Are members of the Boards of Trustees of NC's two main public-employee retirement systems prohibited under G.S. § 150B-35 from having ex parte communications with the Director of the Retirement Systems Division or with petitioners about issues of fact or law in pending contested cases, and what sanctions follow a violation?
Plain-English summary
State Treasurer Harlan E. Boyles, in his capacity as chair of the Boards of Trustees for the Teachers' and State Employees' Retirement System and the NC Local Governmental Employees' Retirement System, asked the AG two questions about ex parte communications in pending contested cases. First, are communications between board members and the Director of the Retirement Systems Division (or between board members and petitioners) about issues of fact or law in a pending case prohibited under G.S. § 150B-35? Second, if so, what sanctions can be imposed?
Senior Deputy AG Ann Reed and Assistant AG Alexander McC. Peters answered: yes, the prohibition applies to both kinds of communications; and the sanctions are not statute-specific but are real (decisions set aside as biased, money damages under 42 U.S.C. § 1983, removal from office for willful conduct).
The framework. Article 3 of NC's Administrative Procedure Act in Chapter 150B governs contested cases. A person aggrieved by a determination of the Director may petition for a contested-case hearing in the Office of Administrative Hearings. G.S. § 150B-23. After an evidentiary hearing, the administrative law judge issues a recommended decision with proposed findings of fact and conclusions of law (G.S. § 150B-23 through § 150B-34). That recommended decision and the official record then go to the appropriate retirement board, which makes the final agency decision. G.S. § 150B-36. The board may accept the recommendation in whole or part, or reject it. "It is, then, ultimately the province of the board, not the administrative law judge, to determine the facts in a contested case and to determine how the law is to be applied to those facts." Jarrett v.

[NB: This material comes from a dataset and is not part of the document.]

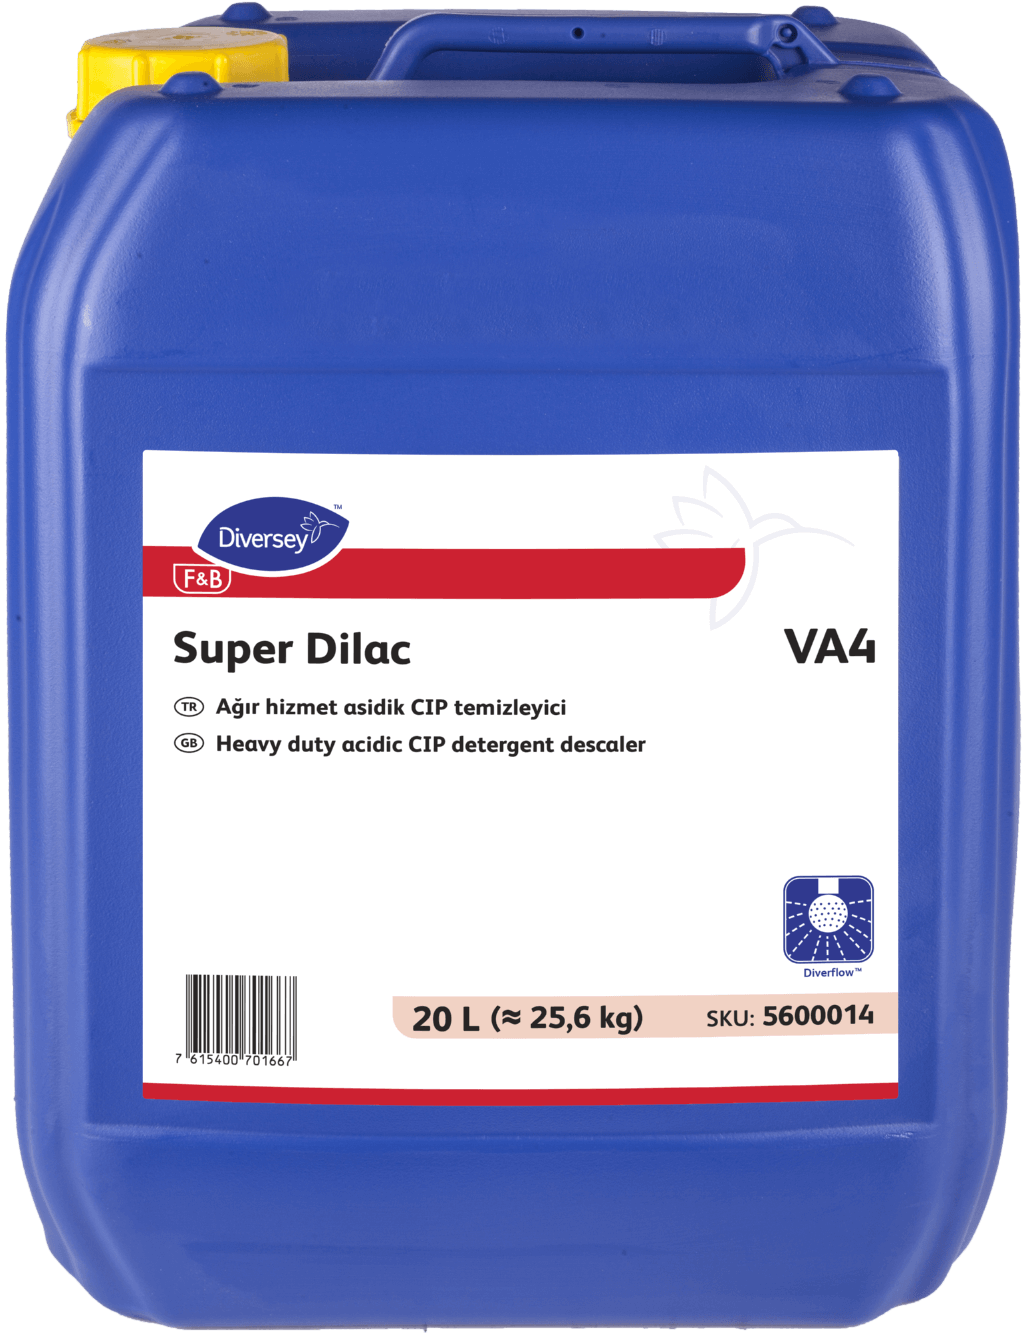 Super Dilac VA4

N.C. Department of Cultural Resources, 101 N.C. App. 475 (1991).
G.S. § 150B-35 is the ex parte rule:
Unless required for disposition of an ex parte matter authorized by law, neither the administrative law judge assigned to a contested case nor a member or employee of the agency making a final agency decision in the case may communicate, directly or indirectly, in connection with any issue of fact, or question of law, with any person or party or his representative, except on notice and opportunity for all parties to participate.
The AG read the rule to reach board members from commencement of the contested case forward. The Director, while not literally a party, is the source of the determination that formed the issues to be resolved on appeal, so communications between the Director and board members about those issues fall squarely within the rule. Petitioners are the actual parties on the other side, so communications with them are even more clearly covered.
Due process layer. The AG anchored the analysis in due process, drawing heavily on the NC Supreme Court's decision in Crump v. Board of Education, 326 N.C. 603 (1990). Crump held that a teacher was deprived of due process when one or more school board members conducting the administrative hearing against him were biased against him before the hearing began. The Crump court drew on US Supreme Court precedent (In re Murchison, 349 U.S. 133 (1955)) and federal appellate decisions about the impartiality required of administrative adjudicators (Berkshire Employees Ass'n v. NLRB, 121 F.2d 235 (3d Cir. 1941); NLRB v. Phelps, 136 F.2d 562 (5th Cir. 1943)). The principle: an administrative tribunal that adjudicates rights must be impartial, and bias known beforehand can support a due process challenge. Crump went further and affirmed a money-damages award against the defendant school board under 42 U.S.C. § 1983.
What that means for retirement-board practice. The AG translated the framework into practical guidance:
- Board members must refrain from discussing matters of fact or law in a pending contested case with the Director, the Director's employees or representatives, the petitioner, or the petitioner's representatives.
- The Director and petitioners should not distribute information about a pending contested case to board members, and board members should not receive such information, except for the record on appeal, legal briefs or memoranda submitted by the parties, scheduling information (time and place of hearing), and similar factual information that does not touch the merits.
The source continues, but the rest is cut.